Using a Precision Public Health Approach to Evaluate the Impacts of Structural Determinants and Neighborhood Conditions of Sepsis Risk
$45,000 Awardee
Team Members: Christina Mair, PhD (PI), Kristina Rudd, MD (CO-PI), Christopher Seymour, MD
Abstract: While sepsis is a tremendous challenge in nearly every location in the world, there is strong evidence that certain subgroups are at higher risk than others. Improved insight into relationships between sepsis and community-level risk factors will be critical to understanding future implications of changing community conditions on sepsis risk and inequities. The features of structural determinants and neighborhood conditions that can impact sepsis inequities encompass many constructs.
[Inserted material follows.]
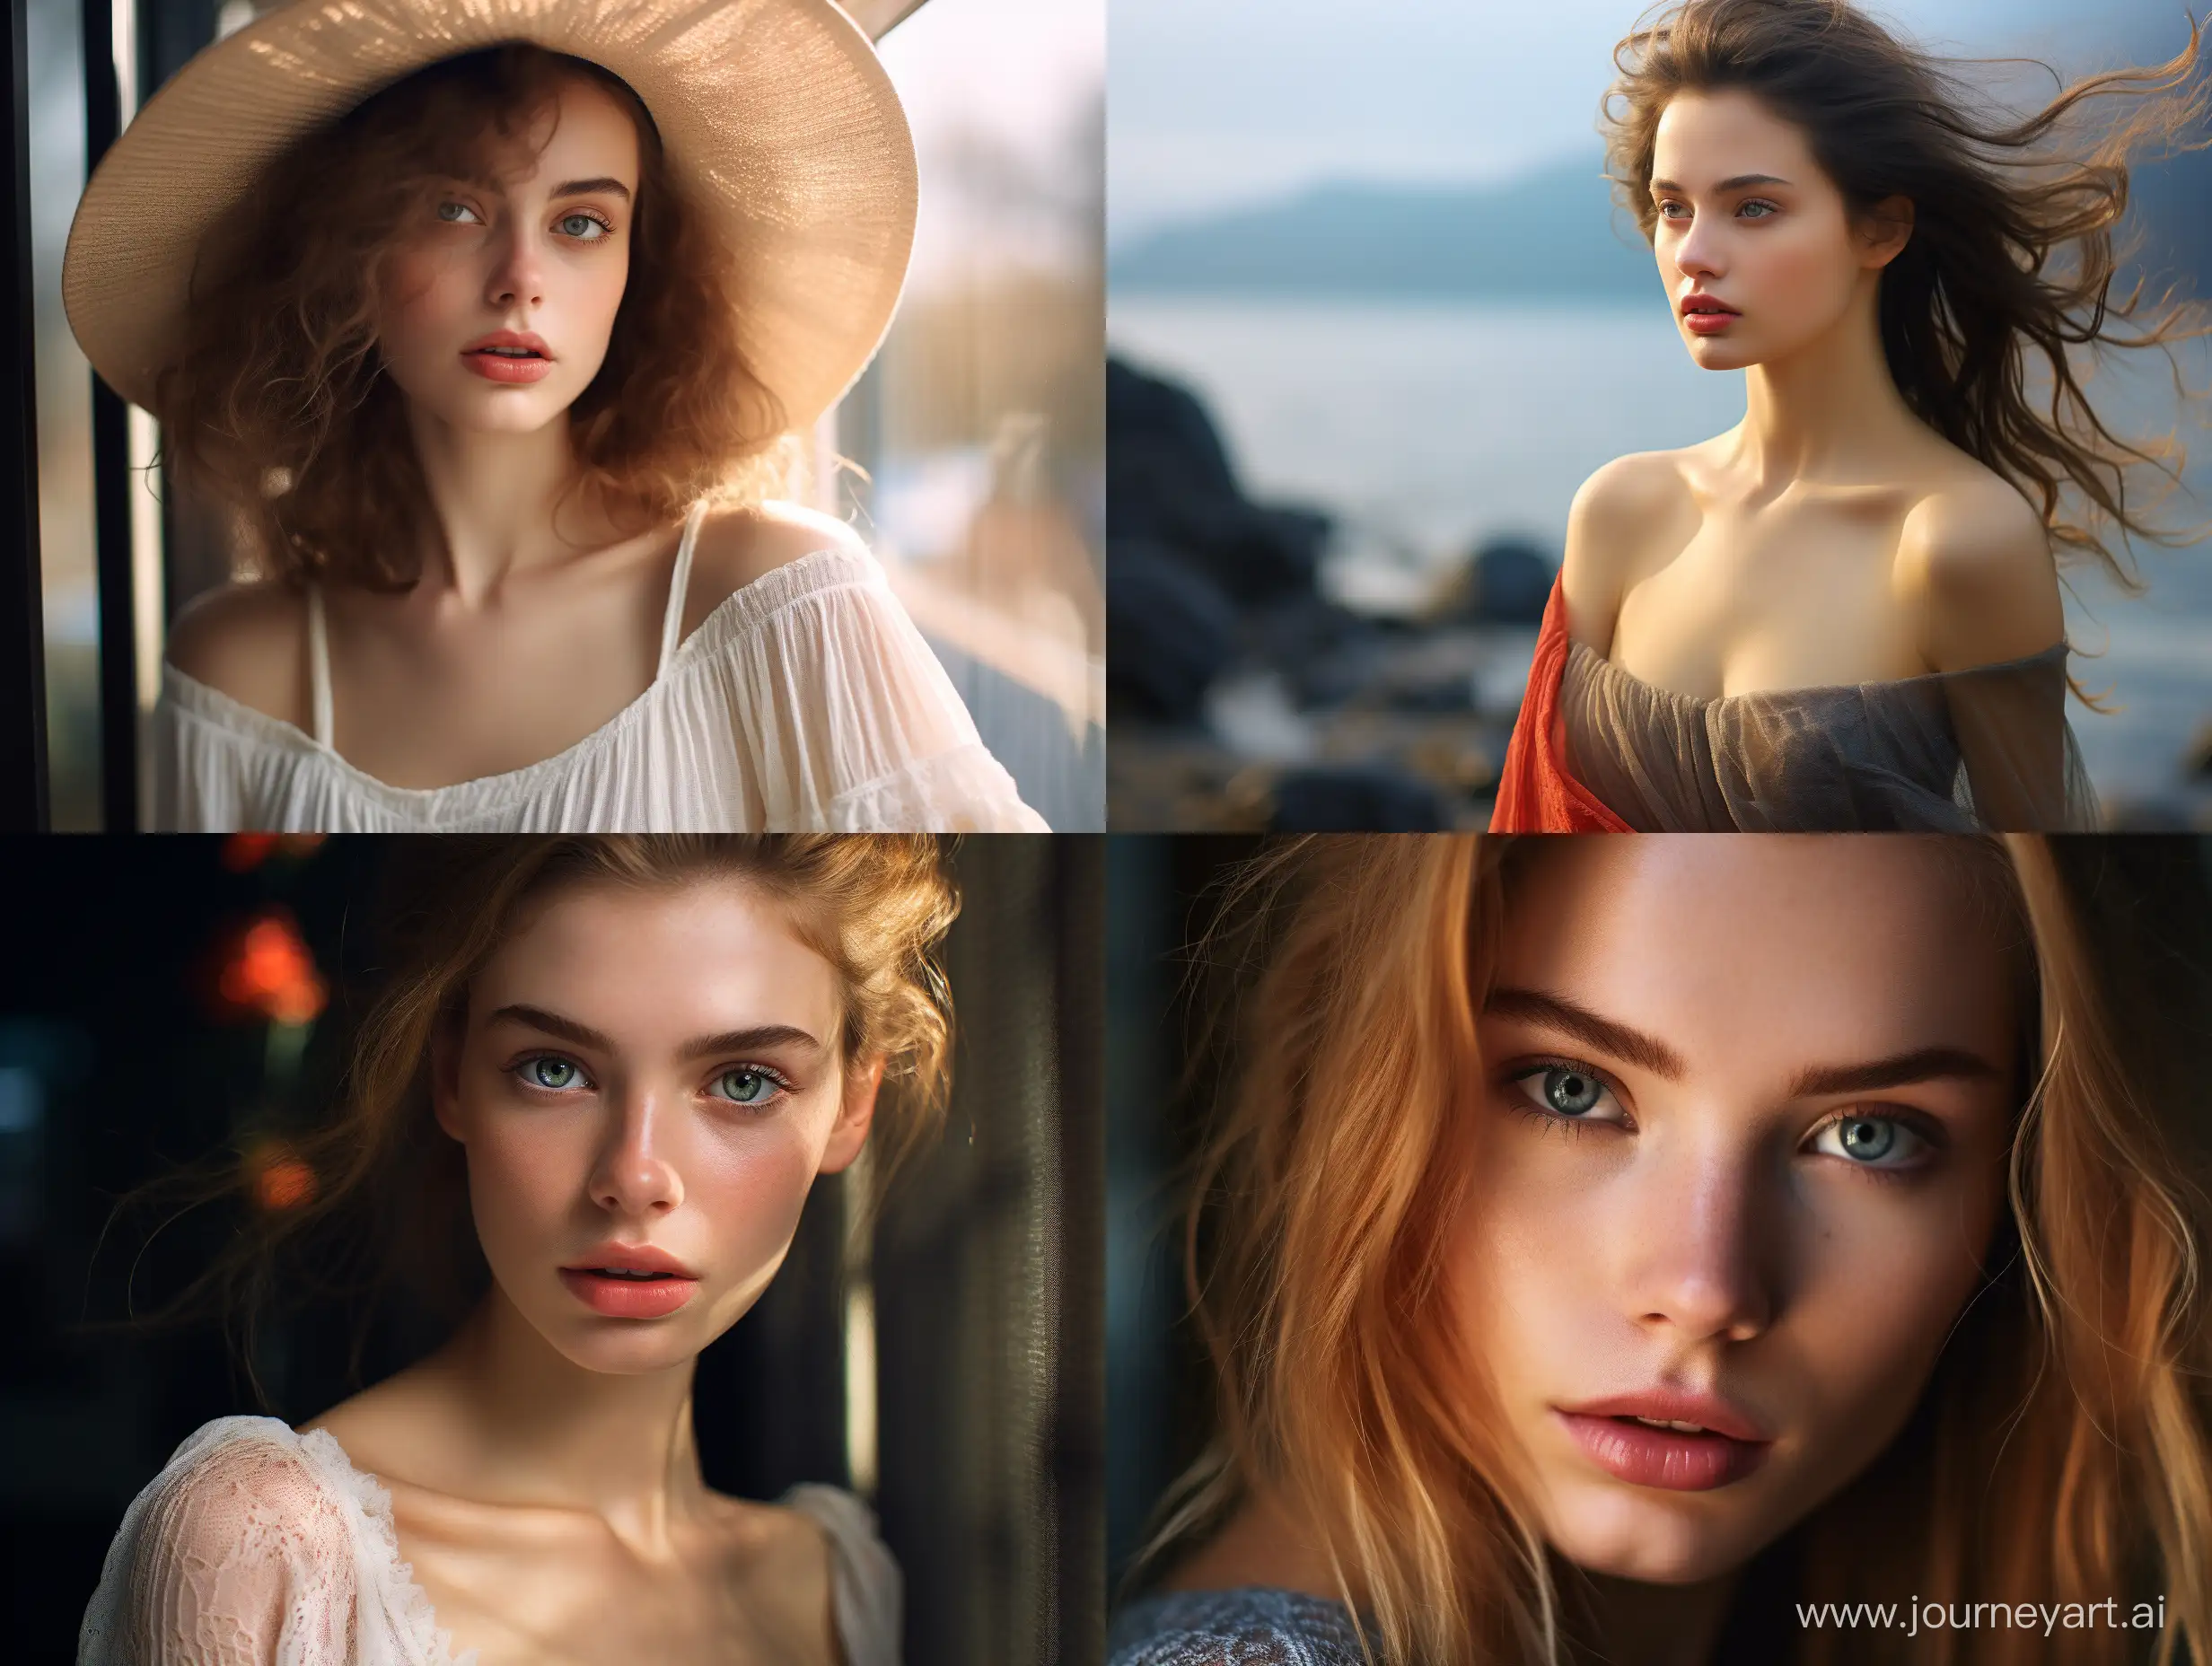 UltraDetailed-Portrait-Exquisite-Beauty-in-8K-Resolution

Computational (machine learning) methods, such as causal modeling over high-dimensional data, can identify confounding variables, distinguish between direct (potentially “causal”) relations and simple correlates, and identify key combinations of environmental measures that may directly affect sepsis inequities. These methods provide innovative solutions to understanding which combinations of environmental features impact sepsis incidence and can help elucidate potentially mechanistic relationships between environmental conditions and inequities. The overall objective in this proposal is to estimate potential causal relationships and key combinations of structural determinants and neighborhood risks and supports that may affect sepsis risk, using a precision public health approach. We will accomplish this objective with two innovative specific aims: 1) evaluate spatial, social, and health systems based patterns of incident sepsis hospitalizations among adults in Allegheny County, Pennsylvania over a 4- year period using multilevel models that geographically link electronic health records, census data, and community data sources at the ZIP code level, and 2) apply machine learning approaches to the combined dataset to infer potential cause-effect associations between sepsis risk and key elements of the social, policy, and physical environments and novel composite predictors.